Health Professional Shortage

In 2021, 100 percent of Idaho was a federally-designated mental health professional shortage area, 95 percent of Idaho was a federally-designated shortage area in primary care and 94 percent of Idaho was designated a dental health professional shortage area. In 2021, the Idaho Hospital Association membership directory reported 51 hospital members (including facilities in Oregon, Washington, and Wyoming). Twenty-seven of these hospitals are critical access hospitals, located in Idaho. These small, rural hospitals also own primary and specialty care clinics and may be co-located with the hospital or operate as remote clinics.

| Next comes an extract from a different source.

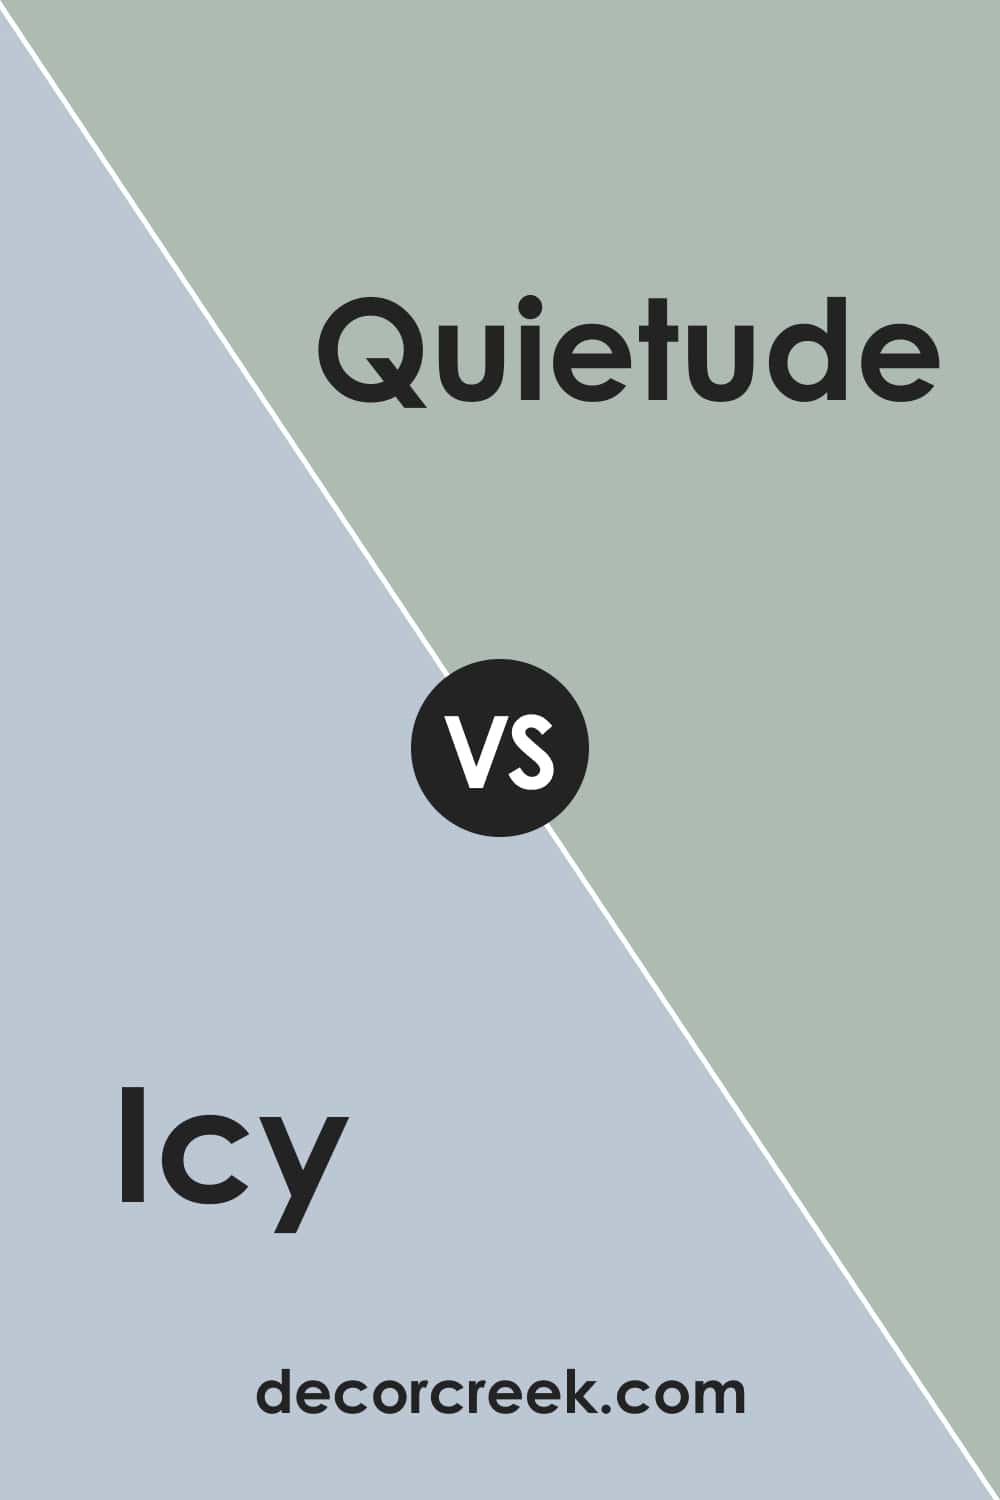 Icy vs. Quietude

In 2018, the first college of osteopathic medicine began operating in Idaho for the purpose of training and developing physicians. The Idaho College of Osteopathic Medicine (ICOM) received pre-accreditation status while it continues working towards establishing full accreditation status from the Commission on Osteopathic College Accreditation. ICOM's mission is to train competent and caring physicians prepared to serve persons in Idaho, Montana, North and South Dakota, Wyoming, and beyond with an emphasis on the rural, underserved areas within this five-state region.
 

Idaho Medicaid

In SFY 2020, approximately 340,000 Idahoans were enrolled in Medicaid, a 21 percent increase from SYF 2019 average enrollment. The growth in SFY 2020 is due to the Medicaid expansion program. In November 2018, voters passed a ballot proposition to expand Medicaid in Idaho. The goal of Medicaid expansion is to provide Medicaid coverage to individuals with incomes up to 138 percent of the Federal Poverty Level. The state implemented Medicaid expansion January 1, 2020. Medicaid enrollment typically fluctuates depending on the state’s economy: When the economy is strong, more people are working and have access to healthcare coverage through their employers; however, when the economy is not performing well, more Idahoans seek healthcare assistance through Medicaid. 

Medicaid serves individuals from birth to end of life, provided they meet eligibility criteria. In SFY 2020, 35 percent of Medicaid Trustee and Benefits expenditures went to children from birth to 18 years of age. Medicaid enrollment varies by county, with the highest number of participants living in counties that include some of Idaho’s largest cities (e.g., Ada County has 70,189 participants). However, some of the smallest counties have the greatest density of residents receiving Medicaid benefits, with Lewis County at 40 percent, followed by Power County at 28 percent, Shoshone at 27 percent and Cassia, Gooding and Owyhee Counties at 26 percent.